Analysis of the In-Reactor Creep and Rupture Life Behavior of Stabilized Austenitic Stainless Steels and the Nickel-Base Alloy Hastelloy-X
SourceAn overall evaluation of several in-reactor creep and creep-rupture experiments in BR2 and FFTF on pressurized tubes of the stabilized austenitic stainless steels 1.4970, 1.4981, 1.4988 and the Ni-base alloy Hastelloy-X is given in this report. Even at temperatures around and above 0.5 Tm the analysis of the data implies that for low stress levels the stress-induced preferred absorption (SIPA) creep process is the predominant deformation mechanism. The results show that the in-reactor rupture lives of the austenitic steels as well as the Ni-base alloy Hastelloy-X are reduced compared with the rupture lives of the corresponding material in the unirradiated and post-irradiation tested conditions, so that an additional damage mechanism via helium has to be assumed to account for the reduction in rupture life.

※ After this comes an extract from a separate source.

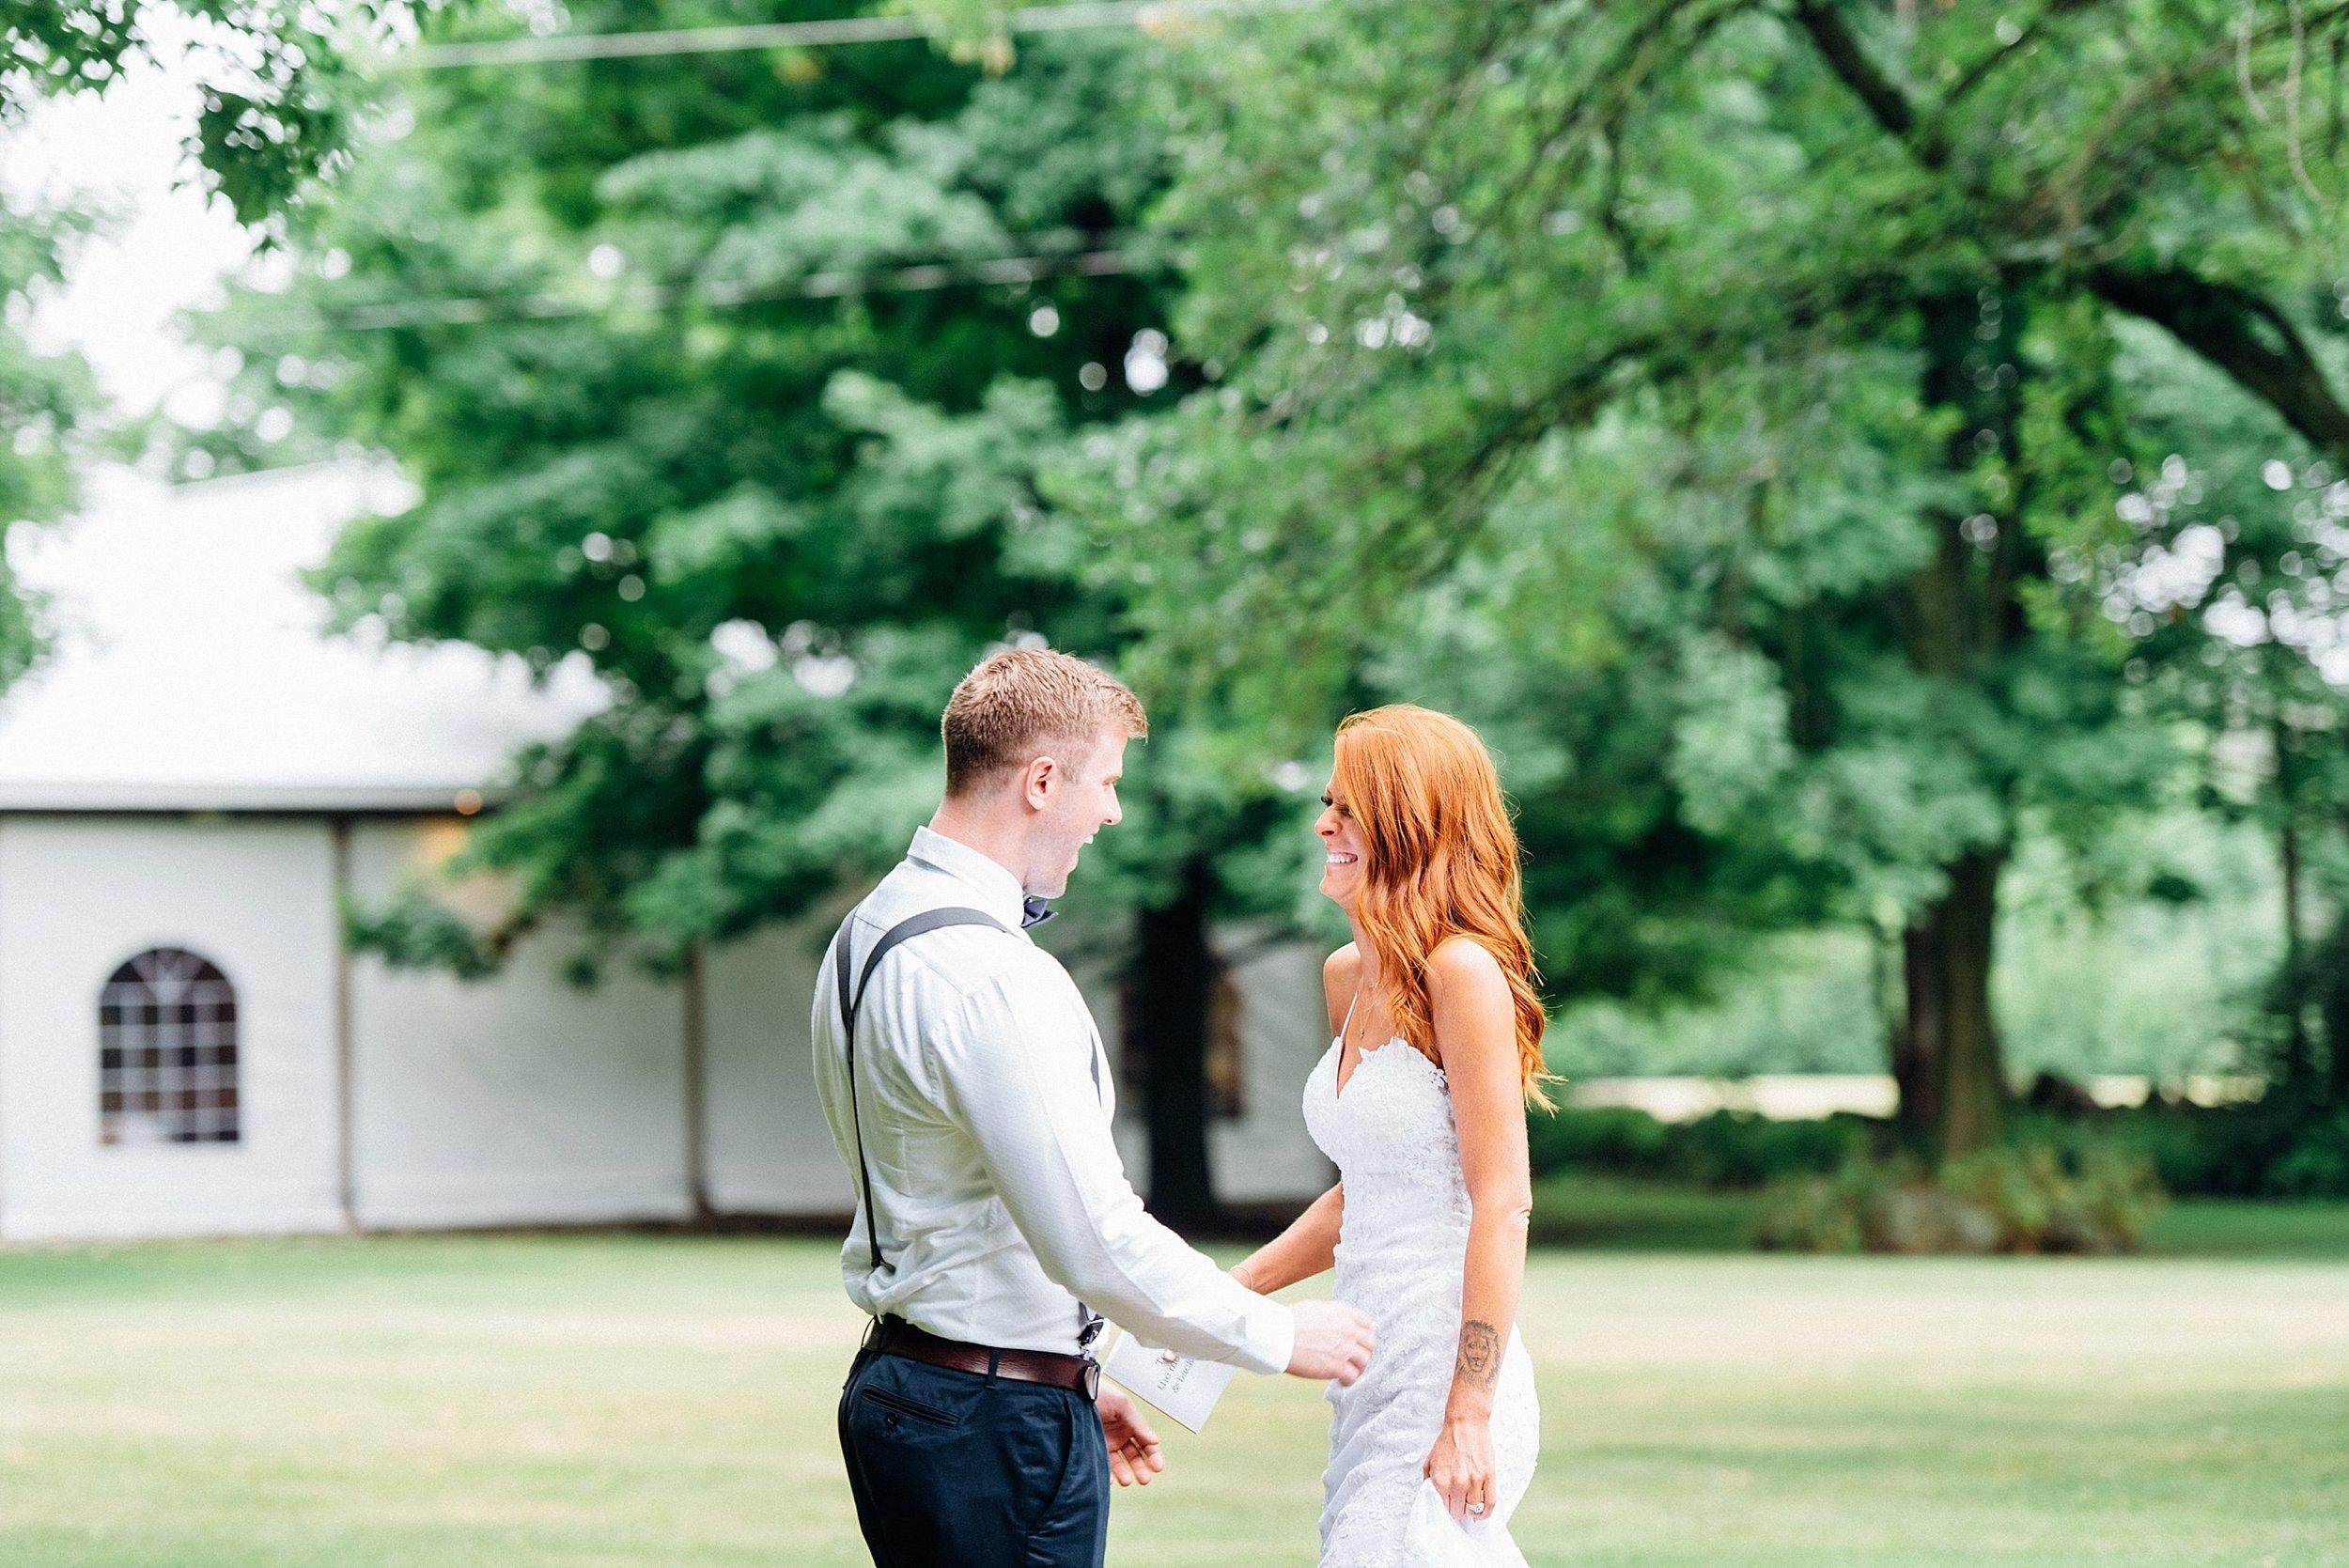 Ottawa Wedding Photographer - Stanley's Olde Maple Lane Barn Wedding - Ali & Batoul Photography_0010.jpg

Analytical models have been developed, which accounts for the critical variables stress, temperature, and dpa rate and which describes in a more general way the in-reactor creep and creep-rupture life behavior of the materials mentioned above. The analysis of the results indicates clearly that the use of the unirradiated and post-irradiation data for predicting in-reactor creep and failures is invalid for these materials.